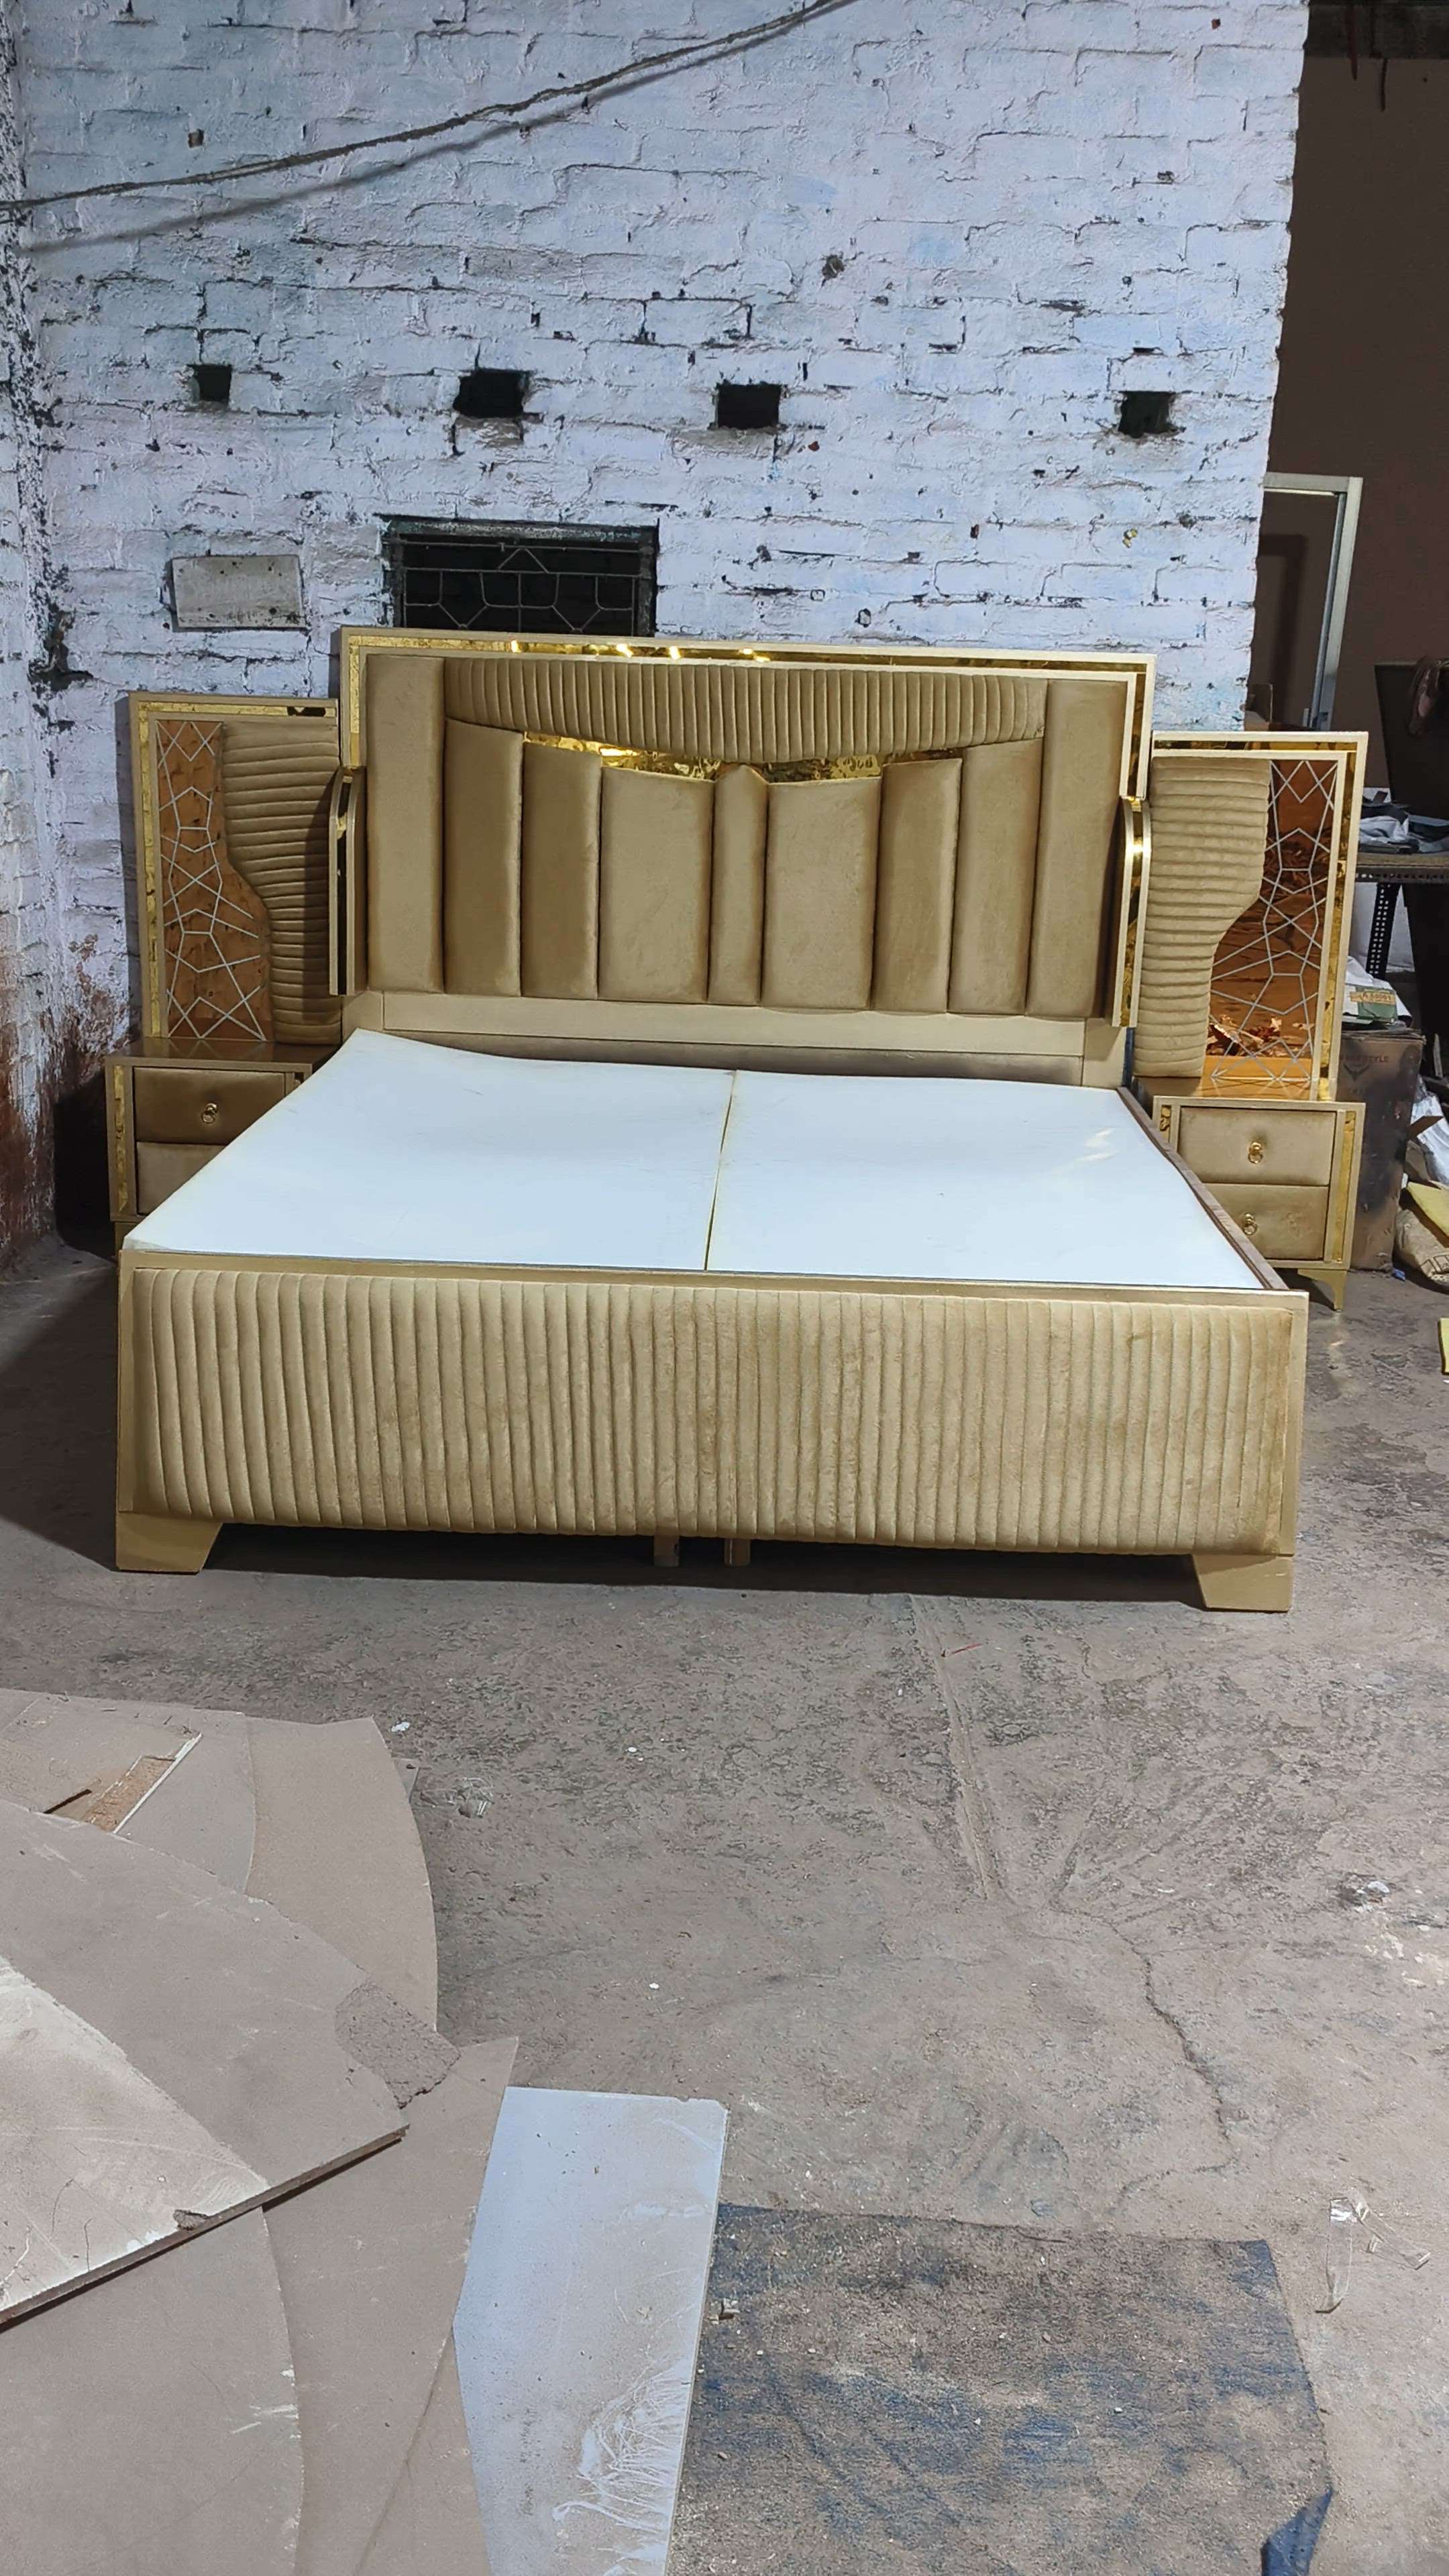 Luxury King Size Bed With Golden Touch  #bed  #furniture  #viral  #followme🙏🙏  #Shorts  #short  #bedroom  #design  #home  #sofa  #sofabed  #table  #interior  #LUXURY_BED
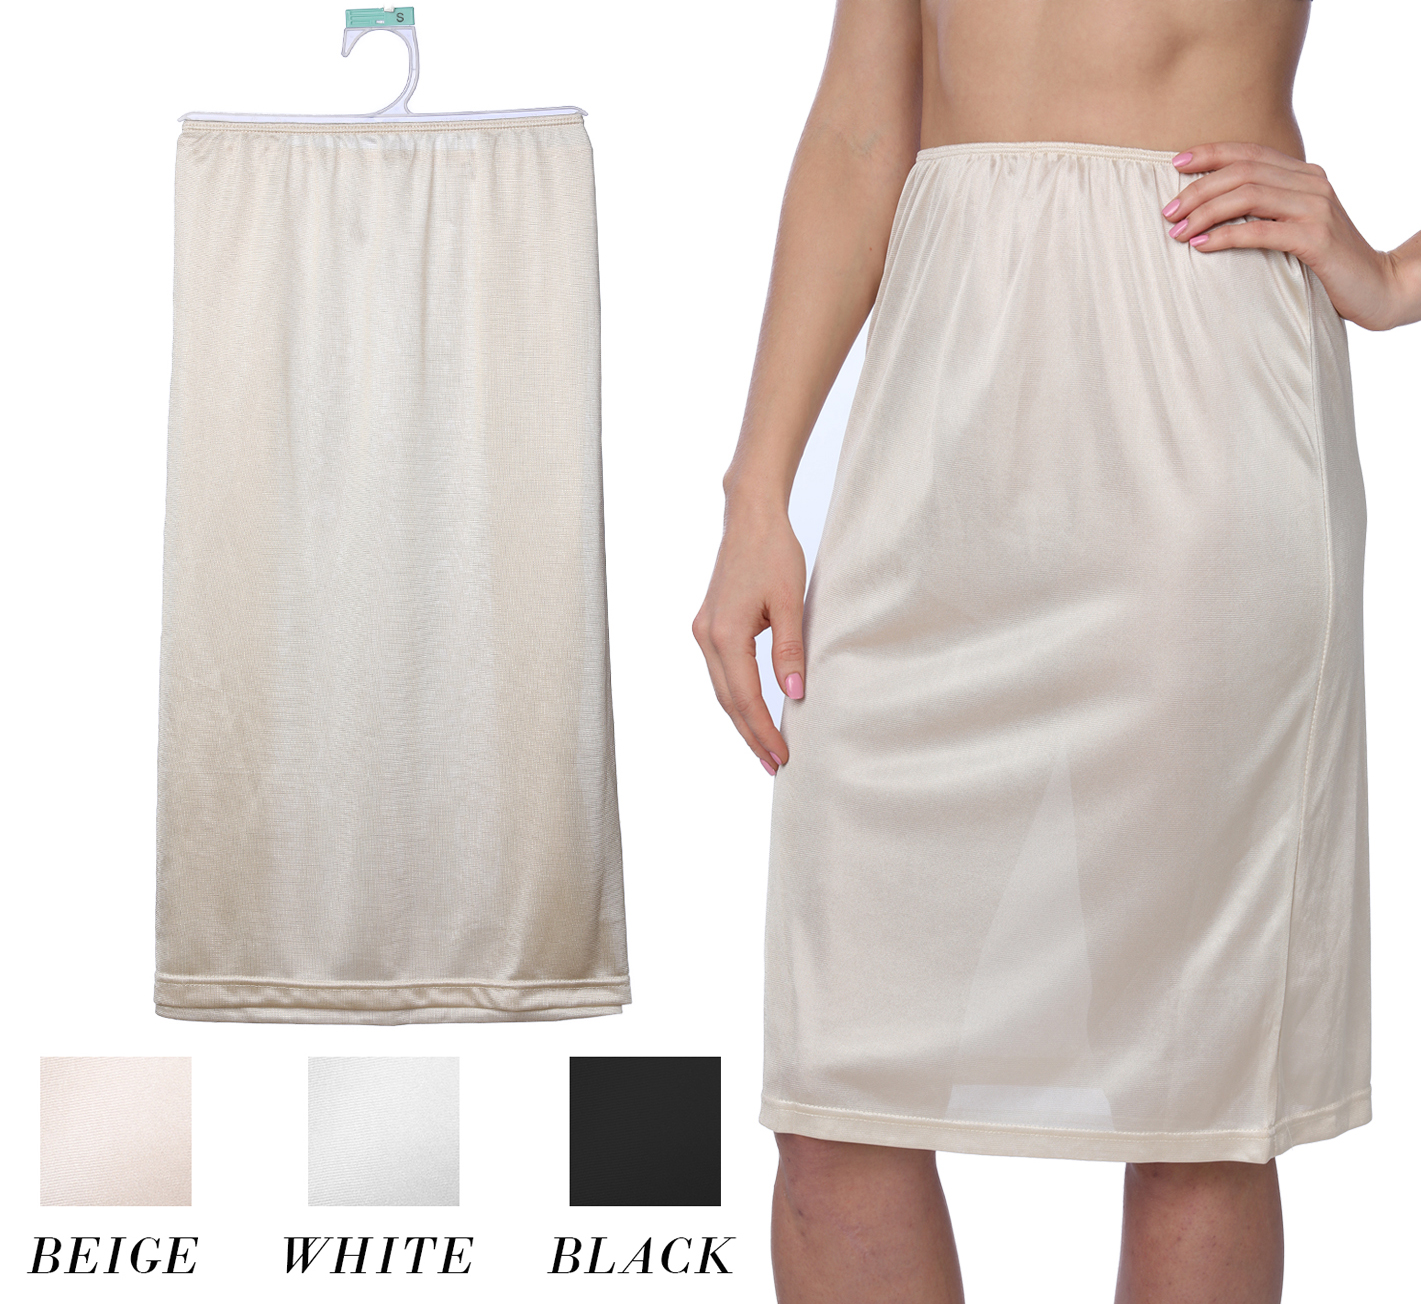 Women's SKIRT Slips w/ Solid Trim - Choose Your Color(s)
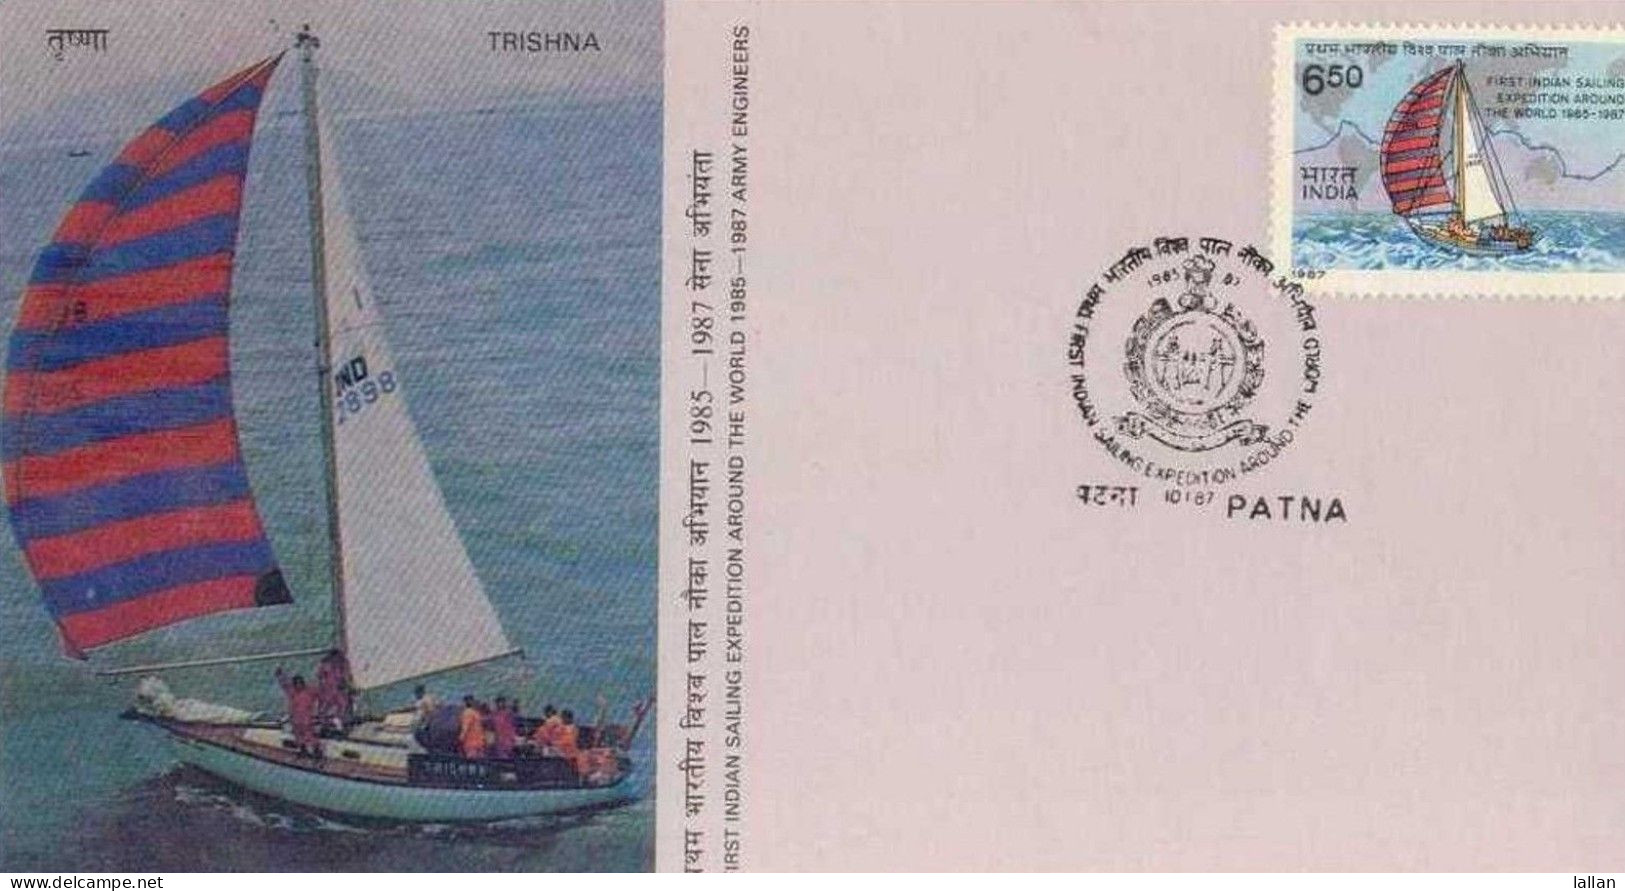 First Sailing Expedition Around The World, 1985-87, FDC, India, Condition As Per Scan LPS7 - Other (Sea)

※ ※ ※

## Your assignment
The output should be the material above, copied exactly, without its pictures.

## Solution to the exercise
 Luxury King Size Bed With Golden Touch  #bed  #furniture  #viral  #followme🙏🙏  #Shorts  #short  #bedroom  #design  #home  #sofa  #sofabed  #table  #interior  #LUXURY_BED
 Women's SKIRT Slips w/ Solid Trim - Choose Your Color(s)
 First Sailing Expedition Around The World, 1985-87, FDC, India, Condition As Per Scan LPS7 - Other (Sea)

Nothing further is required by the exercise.